Palo Alto Networks has entered into a definitive agreement to acquire Koi, a company competing in the agentic endpoint security space. The move is expected to help Palo Alto Networks protect AI-native ecosystems in which modern AI agents and tools can actively read, write, and move data. Specific exploits include authentication bypass, API-based remote code execution, and the hijacking of credentials to weaponize trusted automation.

After the close of the acquisition, Koi’s agentic endpoint security will extend to Palo Alto Networks’ Prisma AIRS, the company’s AI security platform. This integration is expected to broaden coverage across critical AI-driven operations. Concurrently, it also promises to enhance Cortex XDR’s endpoint security solution providing significant visibility into the AI attack surface to improve security policy and malware prevention.

“AI agents and tools are the ultimate insiders,” said Lee Klarich, Chief Product & Technology Officer, at Palo Alto Networks. “They have full access to your systems and data, but operate entirely outside the view of traditional security controls. By acquiring Koi, we will be closing this gap and setting a new standard for endpoint security. We will give our customers the visibility and control required to safely harness the power of AI—ensuring that every agent, plugin, and script is governed, verified, and secure.”

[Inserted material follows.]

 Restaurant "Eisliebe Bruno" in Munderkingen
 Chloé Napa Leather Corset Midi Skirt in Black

“We founded Koi to secure the next frontier of risk,” said Koi CEO and co-founder Amit Assaraf. “Joining forces with Palo Alto Networks will allow us to scale our technology to the world’s largest organizations, delivering protection that makes work on the modern AI-native endpoint secure by design.”

Terms of the agreement were not disclosed.

Channel Impact®
The acquisition is intended to help eliminate the AI security gap by establishing agentic endpoint security as the next frontier of enterprise risk reduction.

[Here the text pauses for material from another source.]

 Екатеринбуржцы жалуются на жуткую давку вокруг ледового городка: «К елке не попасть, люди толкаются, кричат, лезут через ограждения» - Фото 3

Gartner Forecasts Worldwide IT Spending to Grow 10.8% in 2026

Worldwide IT spending is expected to reach $6.15 trillion in 2026, up 10.8% from 2025, according to the latest forecast by Gartner, Inc.

“AI infrastructure growth remains rapid despite concerns about an AI bubble, with spending rising across AI‑related hardware and software,” said John-David Lovelock, Distinguished VP Analyst at Gartner. “Demand from hyperscale cloud providers continues to drive investment in servers optimized for AI workloads.”

Server spending is projected to accelerate in 2026, growing 36.9% year-over-year. Total data center spending is expected to increase 31.7%, surpassing $650 billion in 2026, up from nearly $500 billion the previous year.

Software spending growth for 2026 has been slightly revised downward to 14.7%, from 15.2% for both application and infrastructure software.

“Despite the modest revision, total software spending will remain above $1.4 trillion,” said Lovelock. “Projections for generative AI (GenAI) model spending in 2026 remain unchanged, with growth expected at 80.8%. GenAI models continue to experience strong growth, and their share of the software market is expected to rise by 1.8% in 2026.”

Shipments of mobile phones, PCs, and tablets continue to grow steadily. Total spending on devices is projected to reach $836 billion in 2026. However, market-demand constraints will slow growth to 6.1% in 2026.

“This slowdown is largely due to rising memory prices, which are increasing average selling prices and discouraging device replacements,” said Lovelock. “Additionally, higher memory costs are causing shortages in the lower end of the market, where profit margins are thinner. These factors are contributing to more muted growth in device shipments.”

Channel Impact®
The data spotlight specific sectors in which channel partners may choose to allocate additional resources toward higher sales and customer acquisition.